Software & Data Management
The CF-150C operates via front-panel digital controls with LED feedback—intentionally omitting proprietary software to eliminate driver dependencies, OS compatibility constraints, and cybersecurity vulnerabilities common in networked lab instruments. All parameter settings (voltage, duration, count, HF amplitude) are retained in non-volatile memory across power cycles. For documentation integrity, users are advised to record settings manually in electronic lab notebooks (ELN) compliant with ALCOA+ principles (Attributable, Legible, Contemporaneous, Original, Accurate, Complete, Consistent, Enduring, Available). BLS provides comprehensive, version-controlled SOPs and peer-reviewed protocol libraries—including Nagy et al. (1990, 1993) and Forrester et al. (1991) derivations—available in English, German, and French, with full traceability to published literature in Cell, Nature, and Nucleic Acids Research.
Applications
- Generation of tetraploid mouse embryos for ES cell–embryo complementation assays, enabling derivation of entirely ES cell-derived fetuses with defined genetic backgrounds.
- Somatic cell nuclear transfer (SCNT) in murine models, where high-fidelity nuclear reprogramming depends on synchronized cytoplasmic–nuclear fusion and minimal blastomere lysis.
- Functional validation of genetically engineered ES cell lines—assessing developmental competence through tetraploid complementation efficiency and post-implantation survival rates.
- Gene-trap screening in fully ES-derived embryos, where fusion-derived tetraploid hosts permit direct correlation between trapped gene expression patterns and tissue-specific phenotypes.
- Developmental toxicology studies requiring isogenic embryo cohorts with standardized fusion efficiency (>90% under optimized conditions) and low procedural mortality (<10%).
FAQ
What is the recommended electrode chamber for murine two-cell embryo fusion?
GSS-250 is specifically validated for two-cell blastomere fusion due to optimal electric field homogeneity at 250 µm gap width, minimizing arcing and maximizing membrane poration uniformity.
Can the CF-150C be used with non-murine species?
Yes—published applications include bovine, porcine, and human embryonic stem cell fusion; however, species-specific pulse calibration (voltage, duration, medium conductivity) must be empirically determined using BLS’s tiered optimization protocol.
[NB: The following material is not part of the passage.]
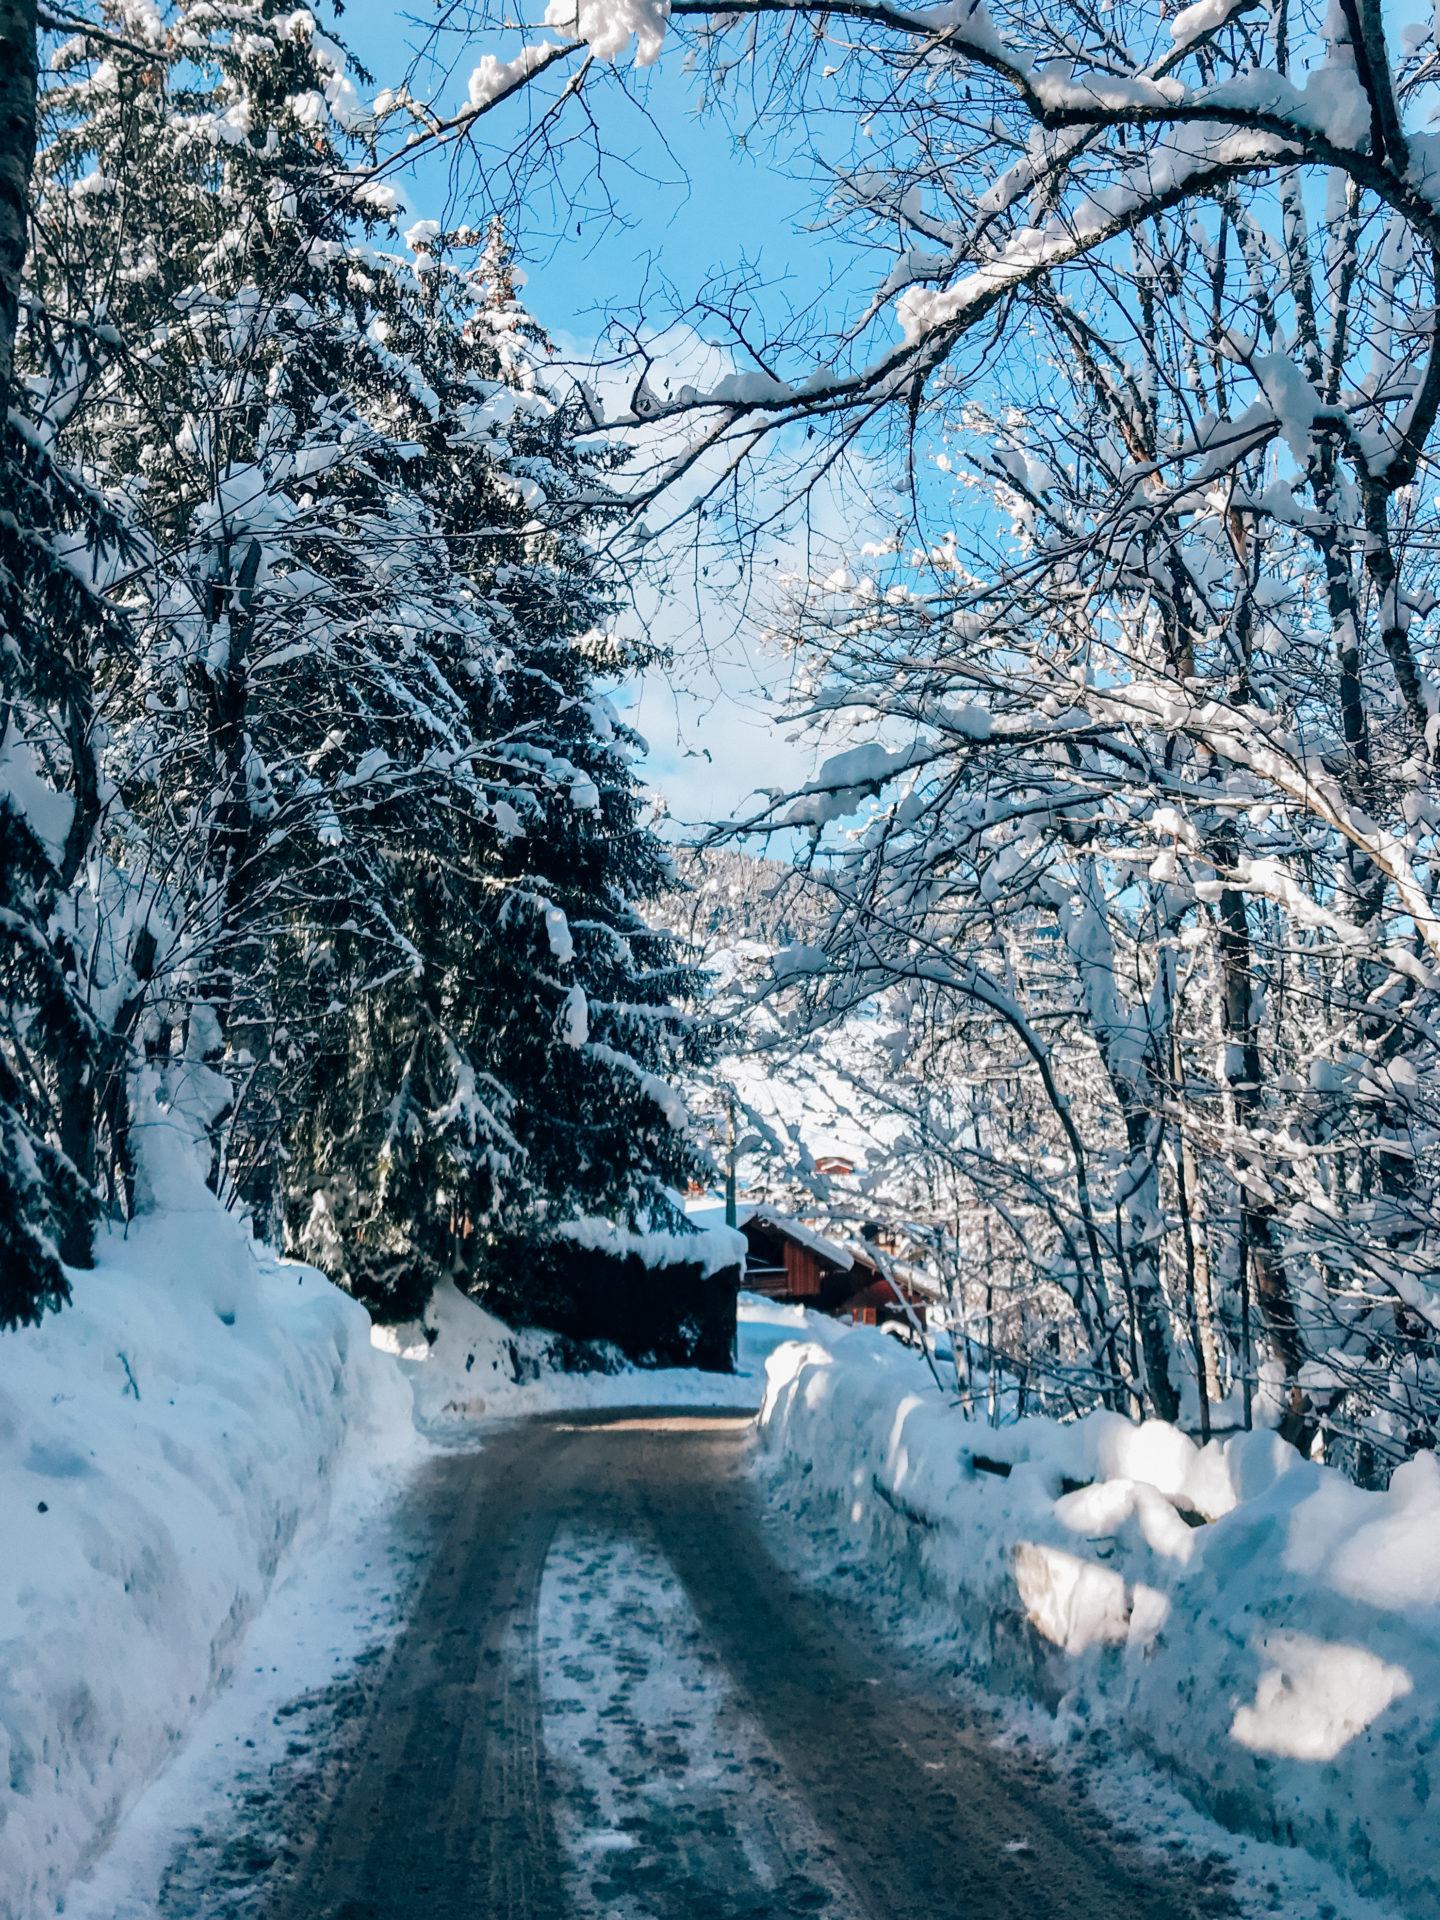 Snowy roads views

Is the instrument compatible with time-lapse imaging systems?
Yes—the absence of RF emissions beyond the 1 MHz oscillator band and its Class I earthing design prevent interference with CCD/CMOS-based live-cell imaging platforms when operated within standard incubator configurations.
How is calibration verified?
BLS provides factory-calibrated pulse output verification reports traceable to NIST-traceable oscilloscope measurements; annual recalibration is recommended using the included test load resistor and certified multimeter.
Does the system support Good Manufacturing Practice (GMP) environments?
While intended for research use only, the CF-150C’s material certifications (USP Class VI), cleanable surfaces, and documentation-ready parameter logging support integration into early-stage bioprocess development workflows under GMP Annex 11-aligned data governance frameworks.